There is sand in the wind. Fine grains sting the eyes of children virgin to this golden coast. Ah, but I am savvier. I shield my face with curved palms whenever a crafty gust comes a'calling.
This is Great Yarmouth, a Norfolk coastal resort so close to its neighbouring county, it could easily dip its toes into rival waters, but doesn't for fear of the nasty nip of a Suffolk crab. We visit this town every summer. I have no choice in the matter. I am a mere child, not yet into double figures. Every year, the same holiday camp, same week, same everything. My parents are Mr and Mrs Routine. You could set clocks by them.
I love to explore. Sometimes I disappear for hours. I return when I'm hungry. My folks don't notice my absence. My mother is too busy trading white skin for brown. My father is too busy doing nothing in particular.

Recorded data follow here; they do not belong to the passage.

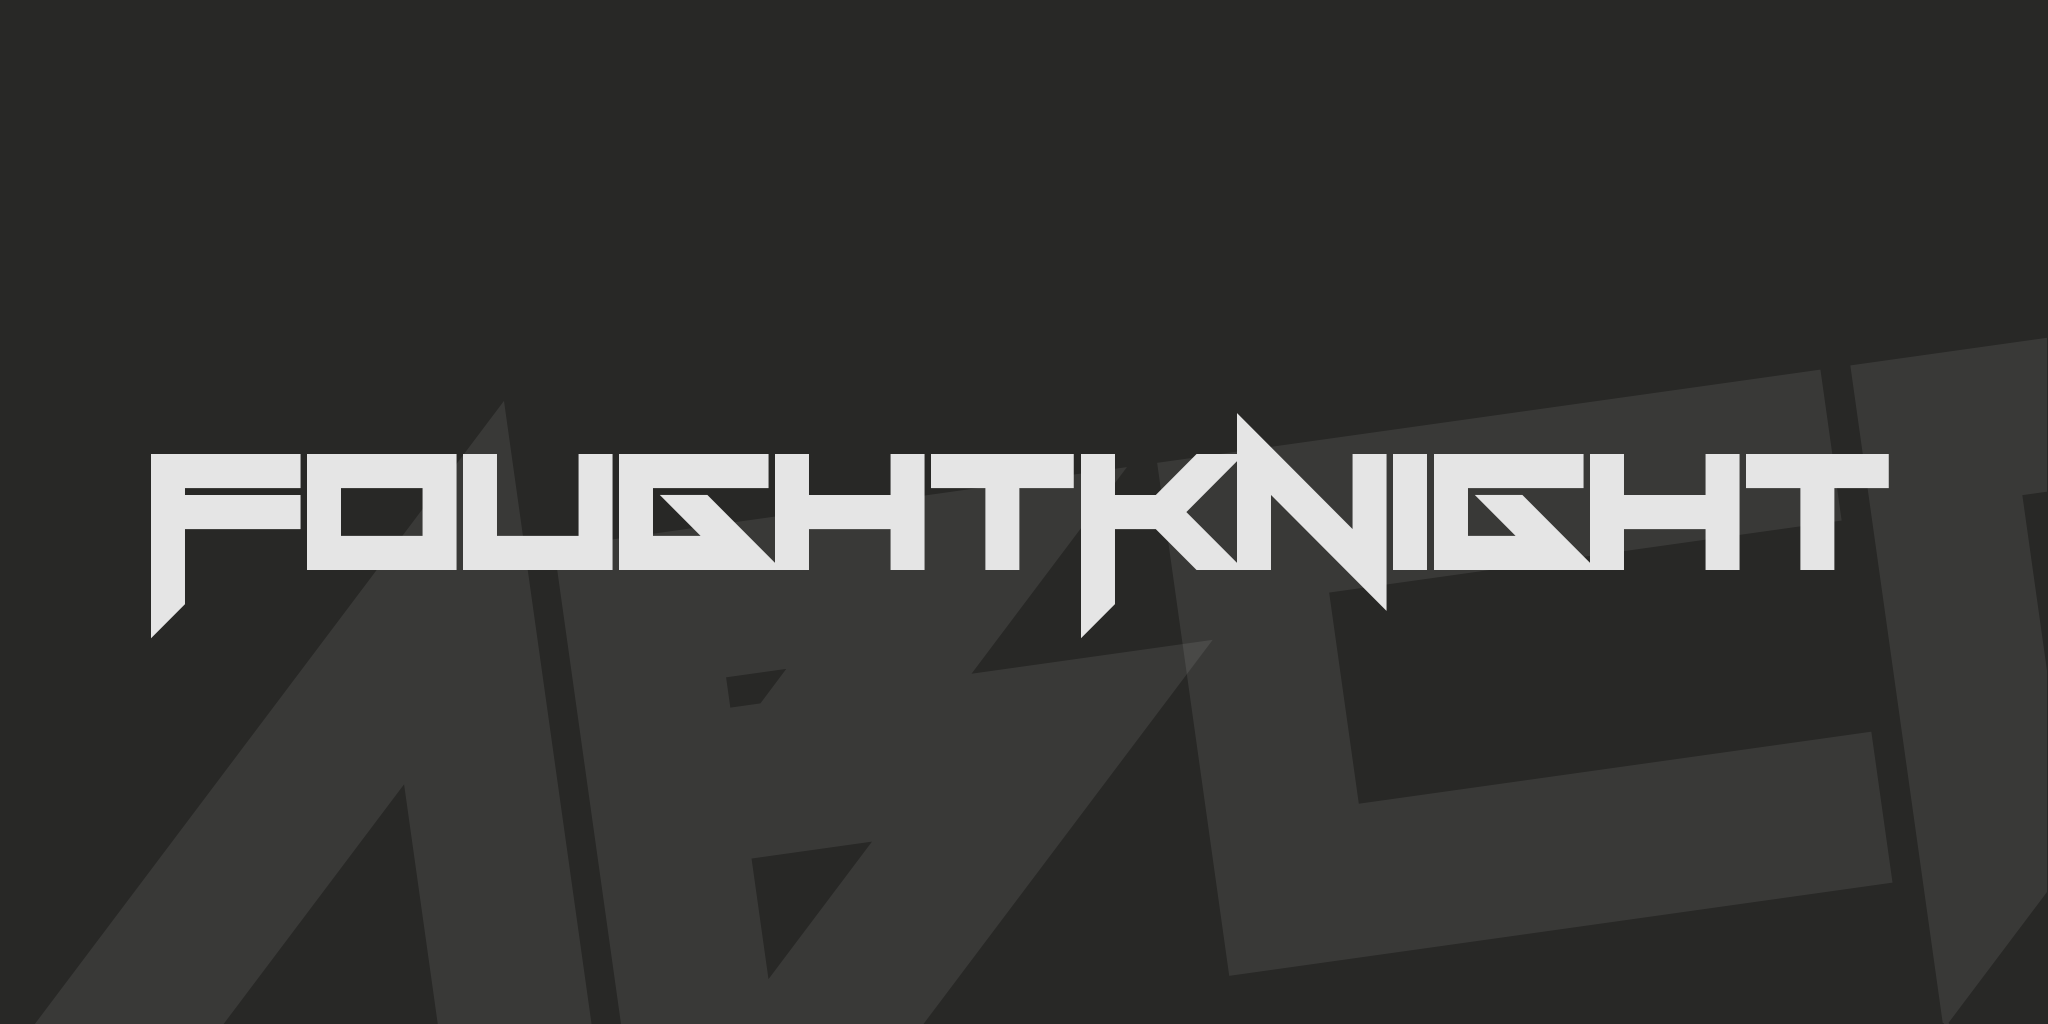 Fought Knight
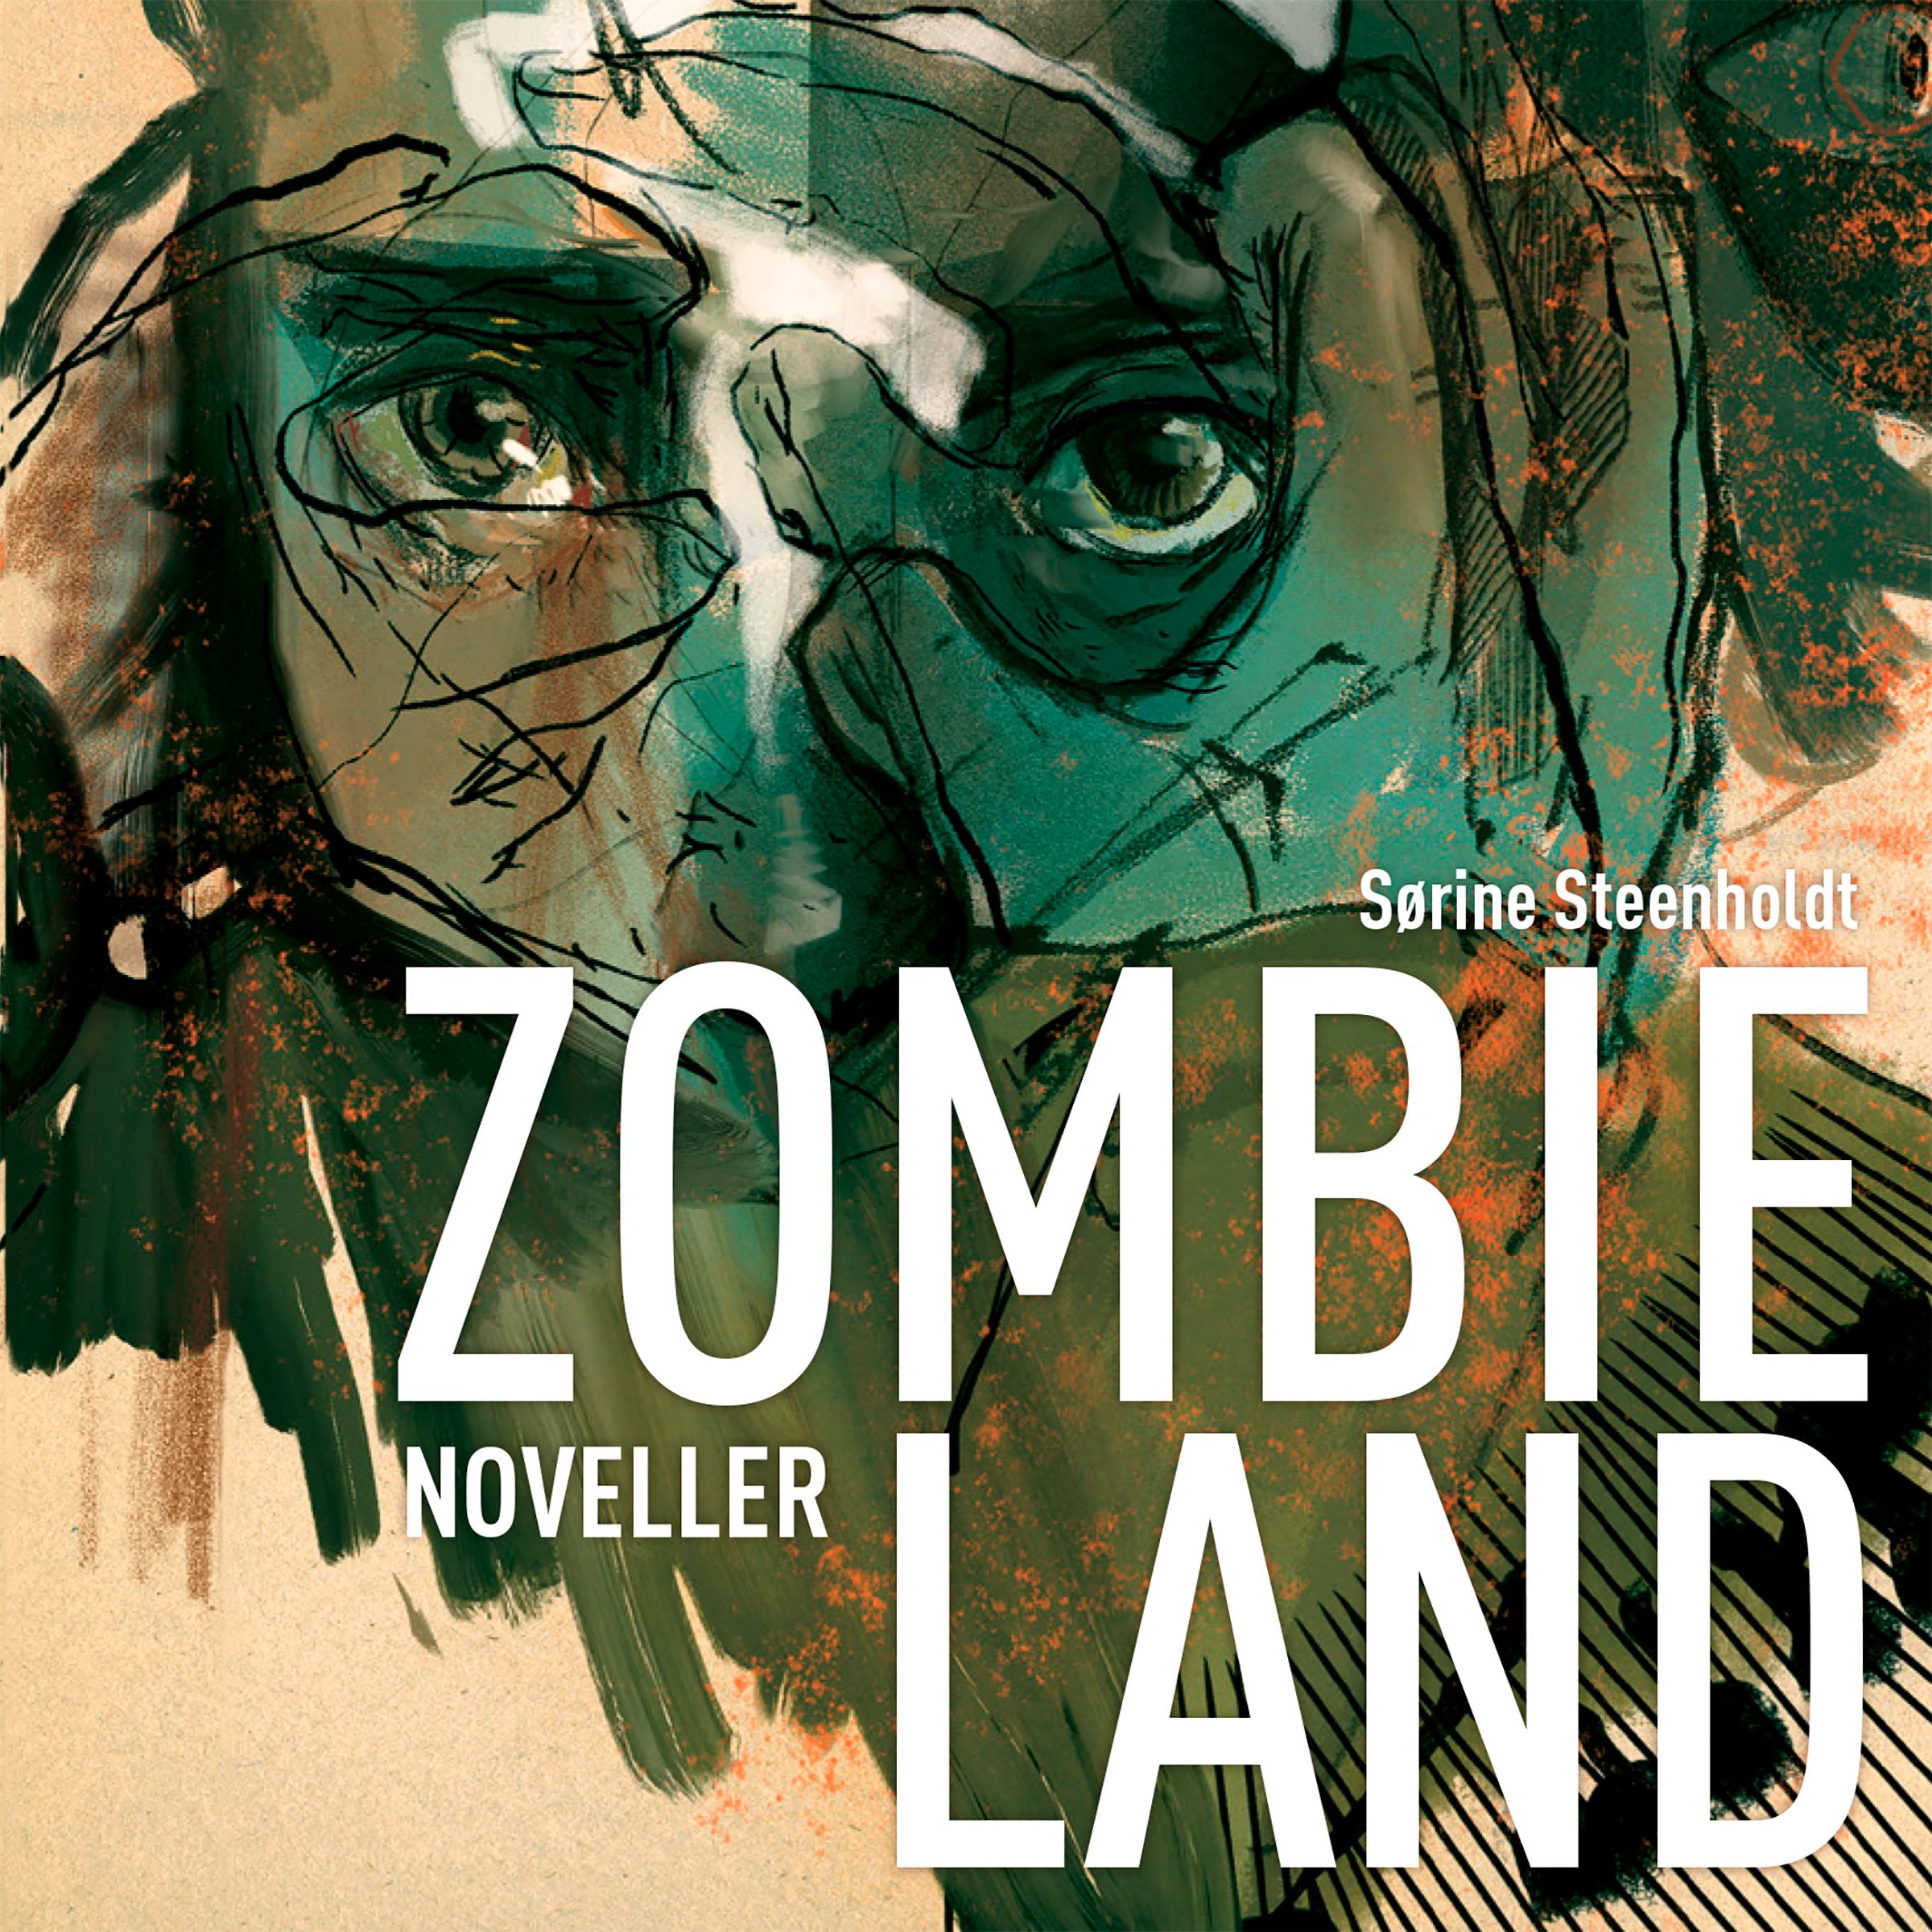 Zombieland, audiobook by Sørine Steenholdt
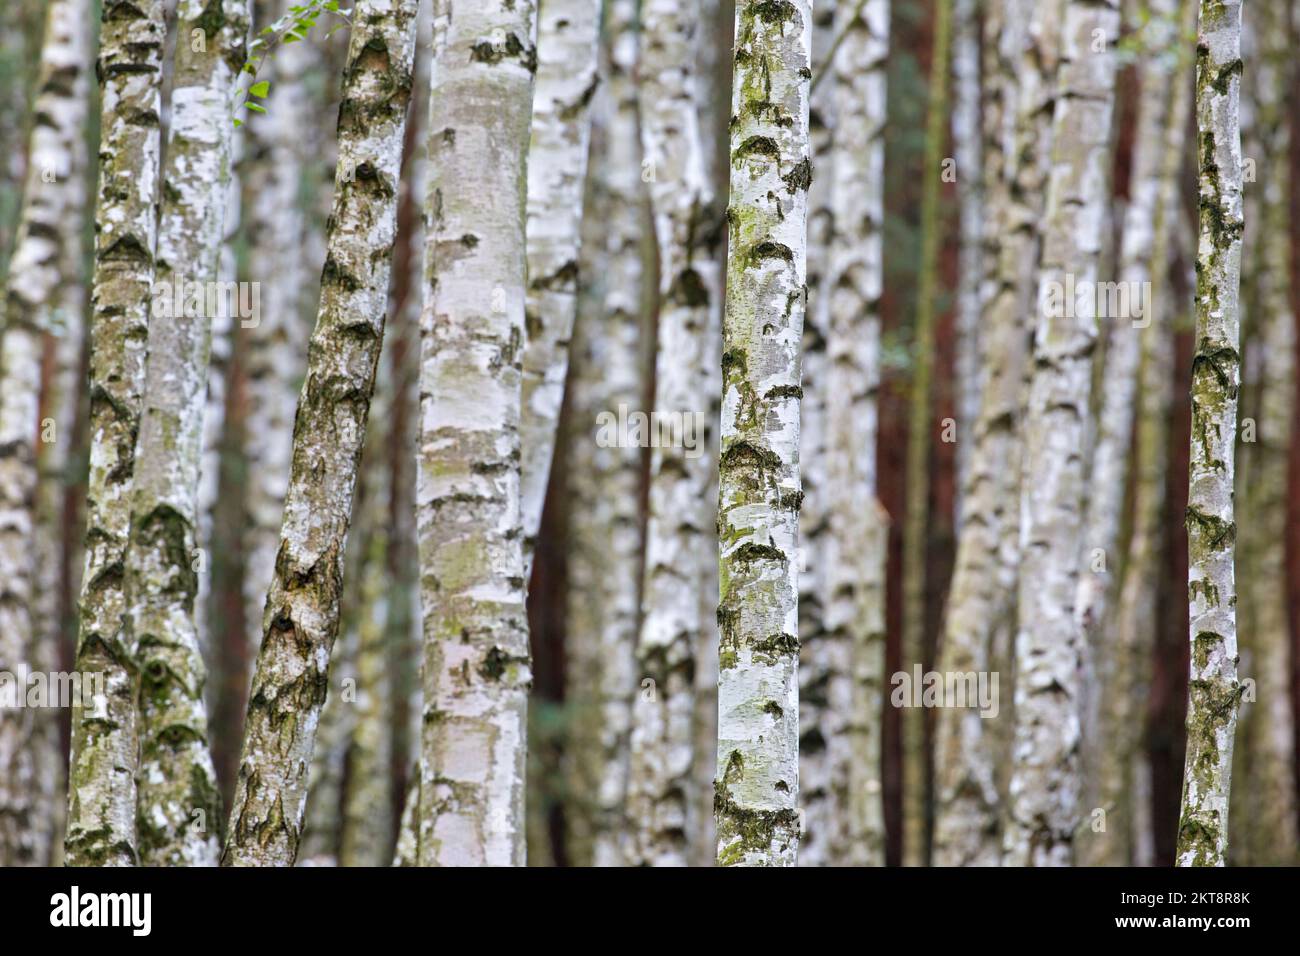 Betulla argentata / betulla verrucosa / betulla bianca europea (Betula pendula / Betula verrucosa) tronchi di betulla in foresta decidua in autunno Foto Stock
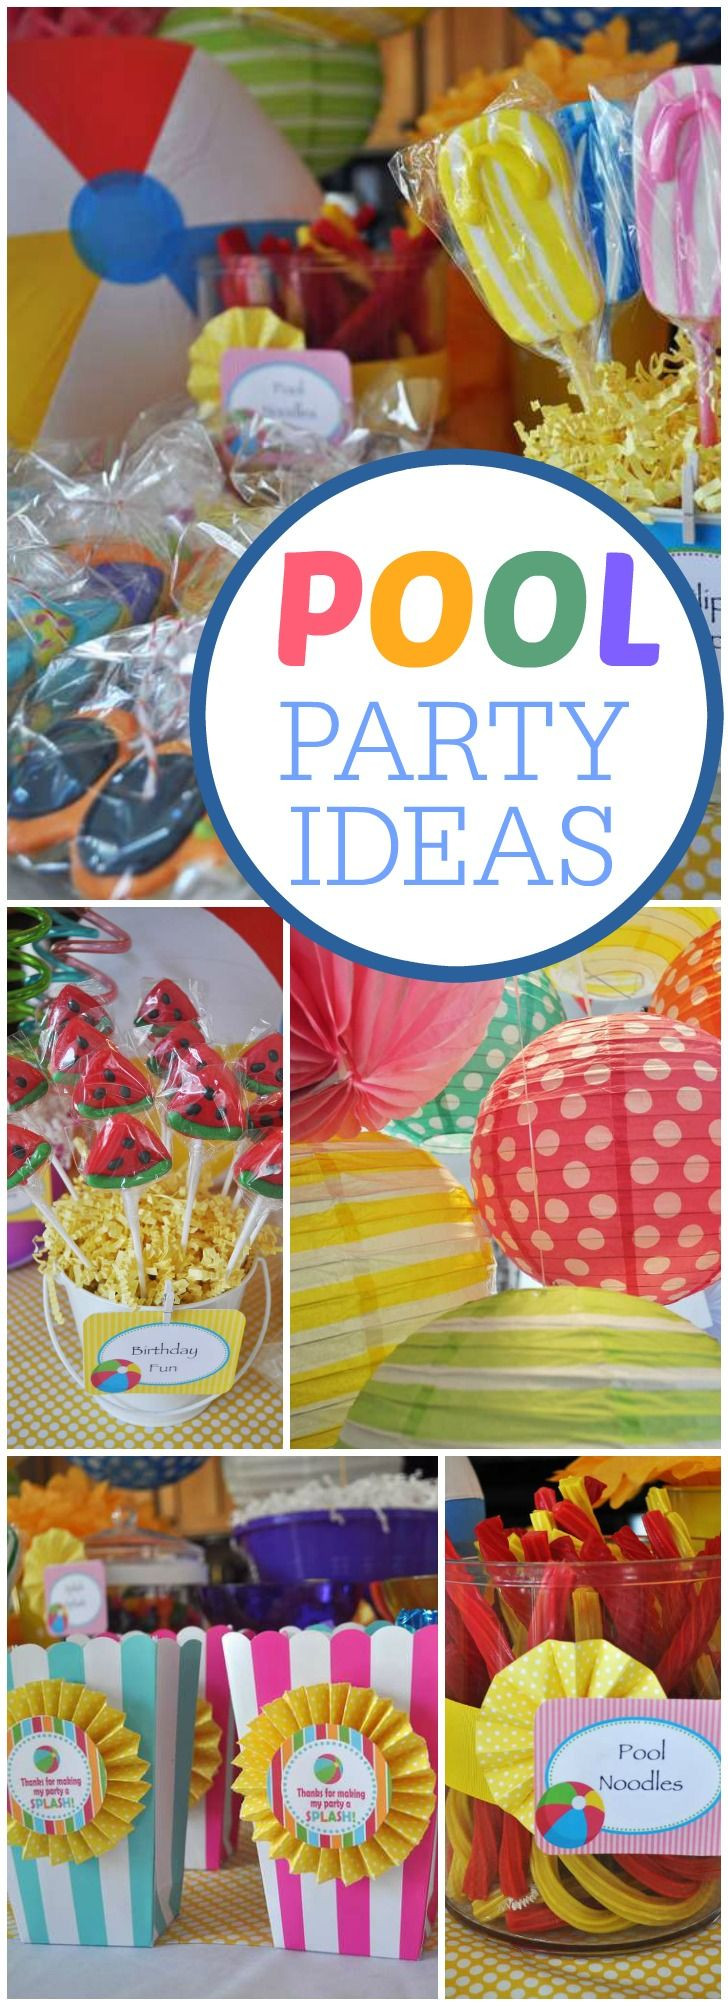 Pool Party Ideas For Birthdays
 Best 25 Pool party birthday ideas on Pinterest

I climb the mighty sand dunes that dominate this weathered landscape. Giant tuffets of lofty grass cling on for dear life, the only green amidst a never-ending blanket of pale yellow. I conquer the summit with ease. I am the king of my sandcastle, and from my golden throne I look out to sea. A faraway fishing boat rests upon the horizon. I wonder why it doesn't fall off the edge. Maybe it will if I watch long enough.
I notice an oddity beside a tuffet. With eager hands, I spade away the sand that conceals this secret treasure. Oh, wow, it's a huge metal chain, the size of which I have never before seen. I tug, I pull, I heave, but this chain is going nowhere.
The shadow of my father darkens my sun. He warns me to leave well alone. 'This chain is connected to the biggest plug in the world,' he explains. 'If you pull too hard, the sea will gurgle down the plughole and drain to nothing.'
I tell him I'm sorry. We bury my find deep in the sand. And we leave the beach in search of fish and chips.
Twenty years on, I am that father. My boy has been quiet for far too long. In my head, alarm bells scream for attention. I am no longer busy doing nothing in particular as I scale the grassy dunes and catch him in the act. Like father like son, he has discovered my secret.
I explain, 'This chain is connected to the biggest plug in the world. If you pull too hard, the sea will gurgle down the plughole and drain to nothing.'
He tells me he's sorry. We bury his find deep in the sand. And we leave the beach in search of fish and chips.
One day, before I grow too frail, I will return to those dunes and pull that chain. And on that day, curiosity will triumph. So if the sea ever gurgles down the plughole and drains to nothing, you'll know who to blame.